Dr.BLOG山本院長ドクターブログ

インプラントとニュートン

トルクという言葉をきいたことがあるでしょうか。

歯科インプラントにおいては、トルクという言葉がしょっちゅうでてきます。

トルクとは、ある物体(例えばインプラント)を中心(軸)に、それを回転させる時に、その物体の回転の軸まわりに生じる物体を回転させるちからです。

自動車なら、タイヤをまわすためのちからです。このチカラがつよければ、自動車のタイヤがチカラ強く、はやく回転します。

物体を回転するチカラ、チカラのモーメントの単位をニュートン(N)とよんでいます。

歯科インプラントの場合も基本的には同じです。

インプラントを入れるために顎の骨に穴(歯科用語ではインプラントホール)を開けるとき、その穴の直径は、実際に入れるインプラントの直径より、わずかに小さくします。

なぜかというと、例えば、もしインプラントの直径よりわずかに大きな穴を開けて、そこにインプラントを入れようとすれば、インプラントは簡単にその穴に入りますが、手で引っ張れば抜けてしまいます。穴の中で、ガタガタ動く状態となります。

では、インプラントの直径と、穴(インプラントホール)の直径が同じなら、どうなるか?これは、顎の骨の弾力性、硬さにより結果はちがってきます。もし、顎の骨が極度に硬くて、弾力性がまるっきりなければ、インプラントをねじ込もう(インプラントを軸を中心に回転させる)としても、なかなかインプラントは穴に入っていきません。そこに摩擦力が働いて、かなり大きなねじ込むチカラ(インプラントを軸を中心に回転させるチカラ)を必要とします。これはあくまでも、顎の骨がきわめて、硬い場合です。顎の骨は、歯科関係者以外の人は、硬いと思っておられるかたが多いかもしれませんが、実際には、ほとんどの場合硬くありません、口腔粘膜にくっついている骨表面は、皮質骨(ひしつこつ)という硬めの骨でできていますが、皮質骨は厚くはありません。上顎の奥歯の部分では、1ミリぐらいです。その皮質骨の中にある骨は、海面骨(かいめんこつ)と言われている部分です。非常に柔らかい骨です。私にとっては、発泡スチロールと同じくらいではないかと思われるようなところもあります。

また、インプラントホール(穴)の直径をインプラントの直径と同じにする条件下で、普通の、硬さの顎の骨の場合、インプラントを回転させながら、穴に入れる時、抵抗なくはいっていき、つまり、ズボズボの状態で入っていき、引っ張れば抜けてしまいます。

従って、インプラントホールの直径は、普通は、インプラントの直径より少し小さくします。また、インプラントホールを作るとき(ドリルで顎の骨をけずり、穴をあけるとき)に、普通はドリルがわずかにブレますので、この意味でも、インプラントホールの直径は、インプラントの直径より少し小さくしようとすることが、必要です。

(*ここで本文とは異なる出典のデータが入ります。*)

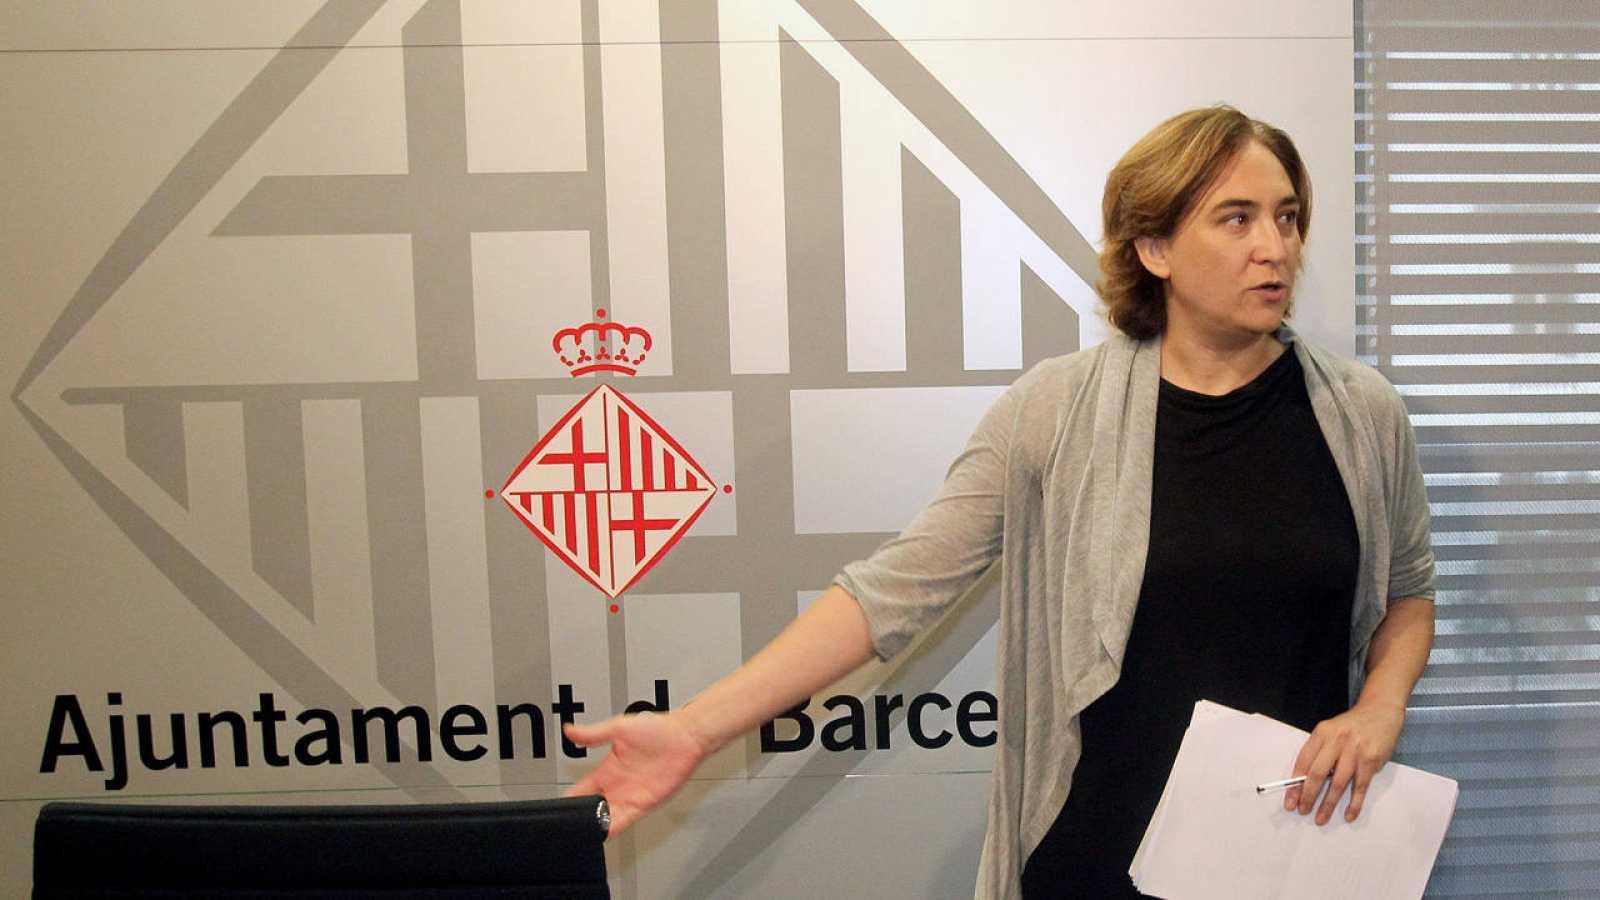 La alcaldesa de Barcelona, Ada Colau, en una rueda de prensa la semana pasada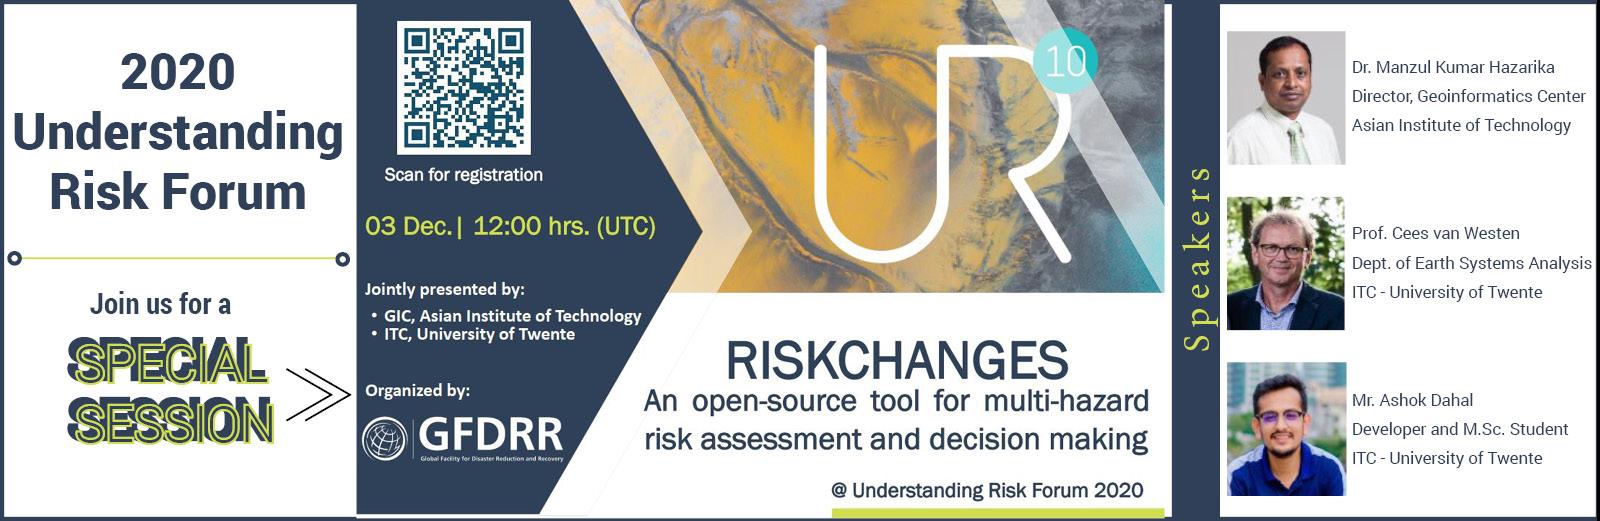 RiskChanges platform at the 2020 Understanding Risk Forum

3.75ミリの直径のインプラントを入れる場合、下顎の場合、3.25ミリの直径のドリルで骨に穴をあけます。上顎の場合は、時には(骨が柔らかい場合は)2.80ミリの直径のドリルで穴をあけます。

インプラントを顎の骨に入れ終わったあと、どれぐらいの回転するチカラ(モーメント)をくわえても、インプラントと、その骨の嵌合力、摩擦力によって、抵抗して、回転せずに頑張っておれるというチカラが意味をもちます。理想的には、30N(ニュートン)が必要だとされています。(インプラントが骨のなかで動くと、インプラントと骨が細胞レベルでくっつきません、オッセオインテグレーションしません)

インプラント埋入の時に30Nのちからで、骨にくっついていても、最初は、時間の経過とともに、その数値は低くなってきます。それは、インプラントのまわりで、骨の細胞の破壊、が起き、それに続いて、骨の再生がおきます。骨のモデリング、再モデリングとか、いろいろなことばで呼んでいます。

最終的には、細胞レベルで、インプラントのまわりに、骨ができて、(インプラント用語では、オッセオインテグレーションした)これで、安定した状態となります。

ここで、上部構造のための型を取る段階になります。